This is not a blog post

(Cross-posted at Hullabaloo)

Another day, another McCain advisor thrown under the bus for accidentally telling the truth about his candidate's indifference to the struggles of ordinary Americans. John Goodman "said anyone with access to an emergency room effectively has insurance."

"So I have a solution. And it will cost not one thin dime," Mr. Goodman said. "The next president of the United States should sign an executive order requiring the Census Bureau to cease and desist from describing any American -- even illegal aliens -- as uninsured. Instead, the bureau should categorize people according to the likely source of payment should they need care.

"So, there you have it. Voila! Problem solved."


This is nothing new, of course. Just a year ago, Bush made the same argument:

The immediate goal is to make sure there are more people on private insurance plans. I mean, people have access to health care in America. After all, you just go to an emergency room.


Ronald Reagan pioneered this art when he justified his lack of decent funding for school lunches by redefining ketchup as a vegetable.

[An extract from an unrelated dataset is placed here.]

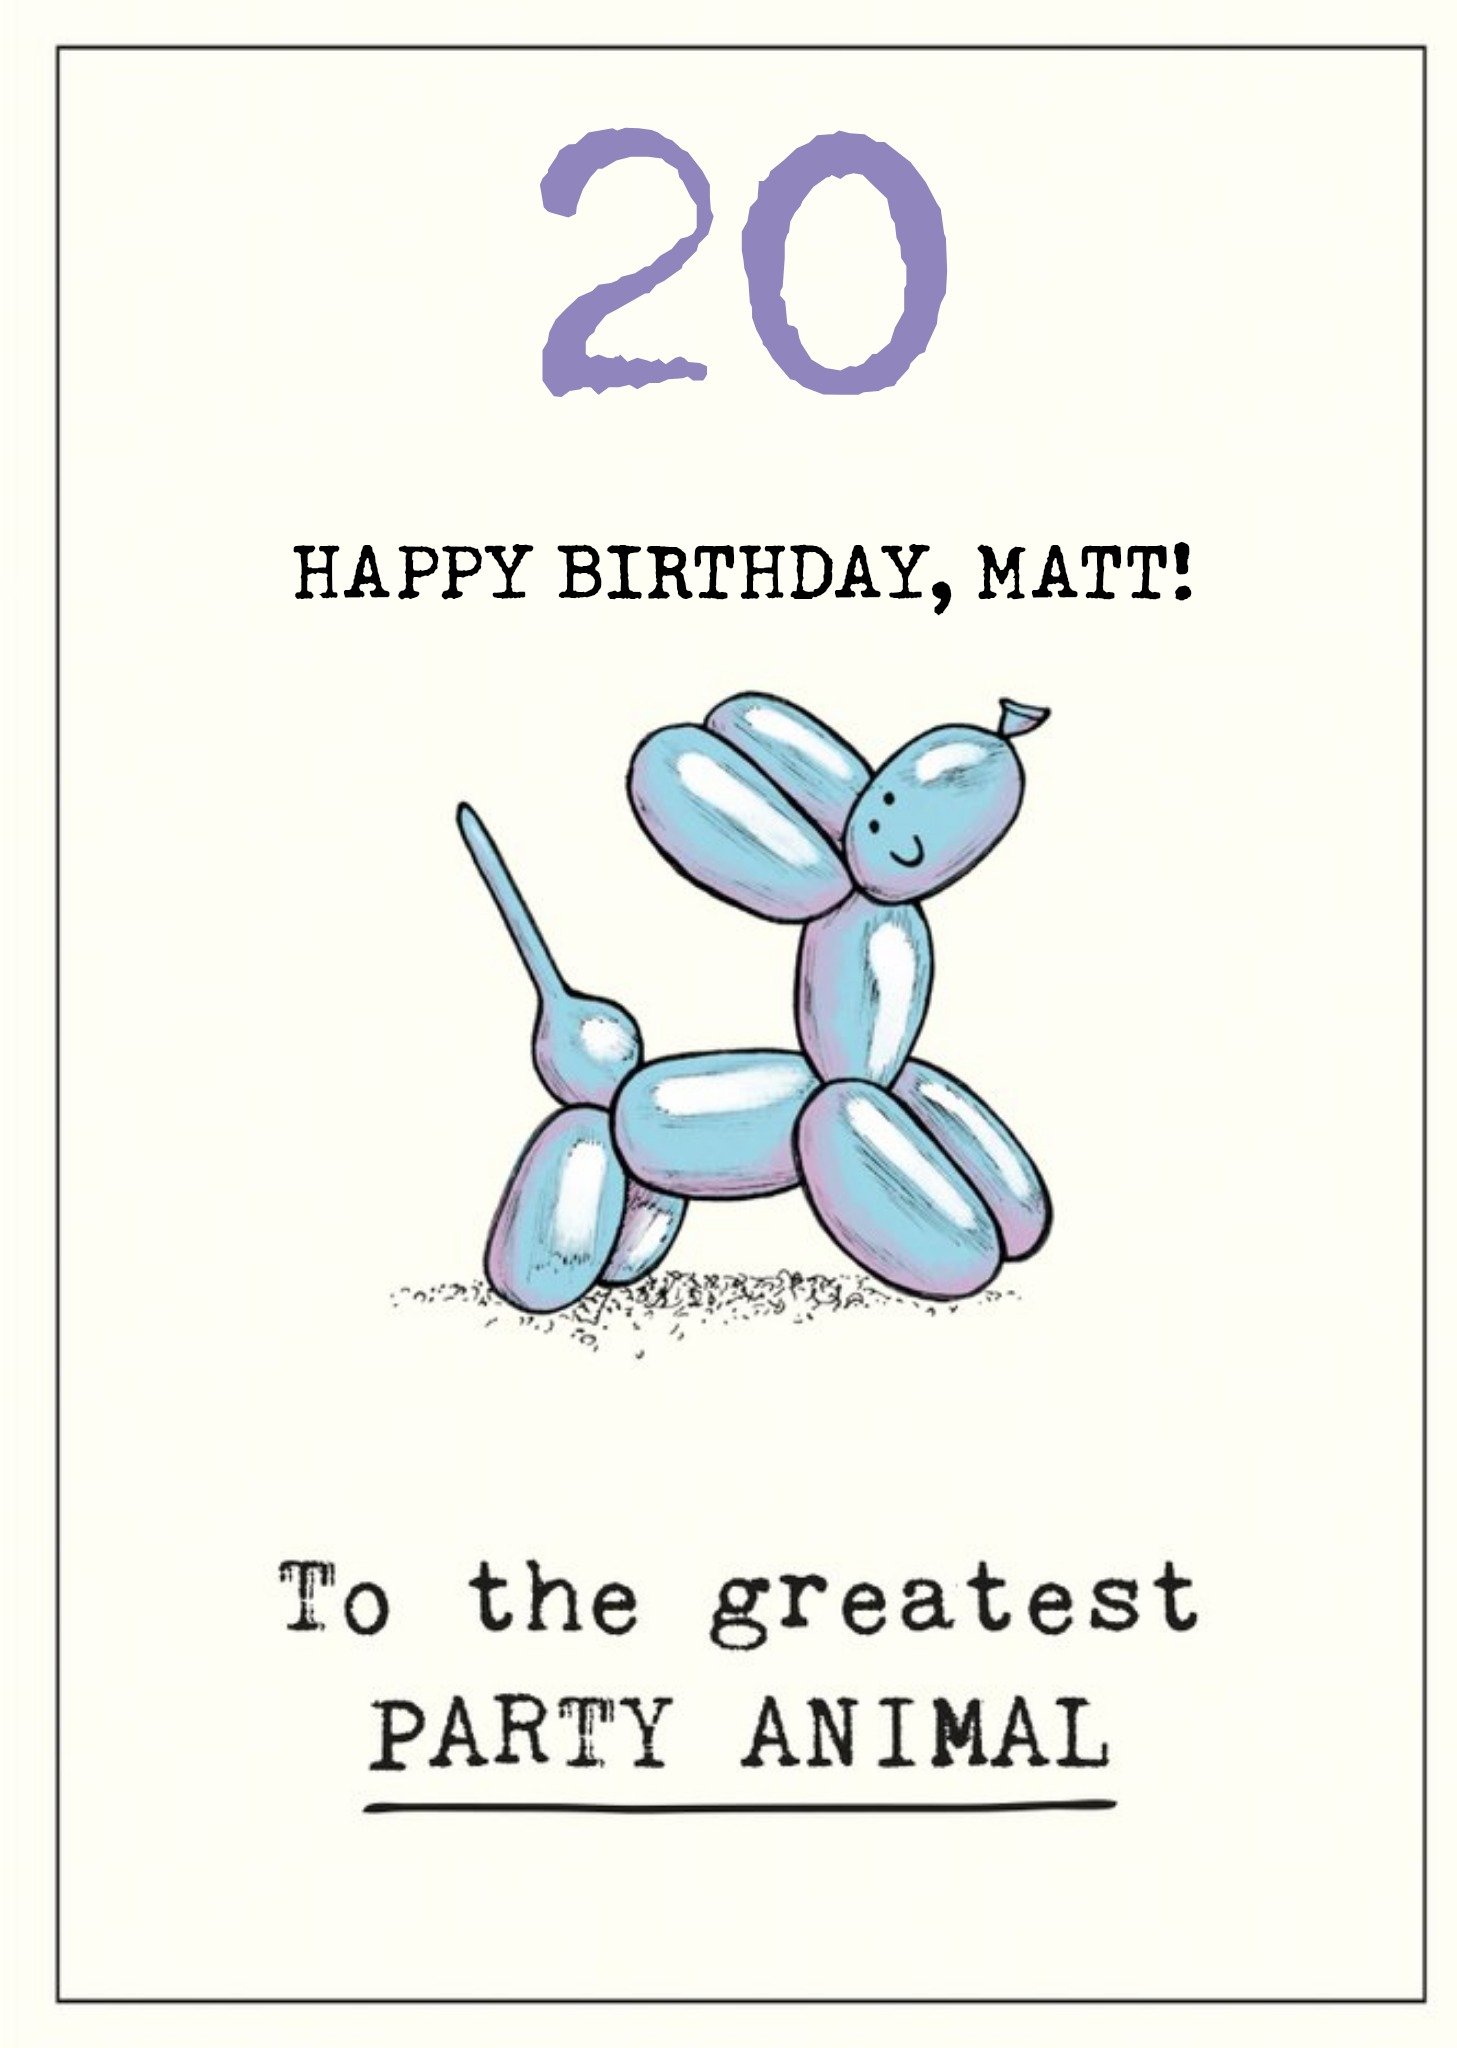 Moonpig Funny Illustrative Party Animal Balloon Birthday Card, Large

Still, before Bush became president, the idea you could solve problems simply by calling them victories was a concept reserved for satirists. Or something only a governor would get away with.

George Bush and his sidekick, John McCain, have really taken it to a new level. They redefined "hunger" as "very low food security" in order to salvage their domestic record. They redefined squirting guacamole at Taco Bell as a "manufacturing job" to salvage their jobs record. They are trying to redefine contraception as abortion.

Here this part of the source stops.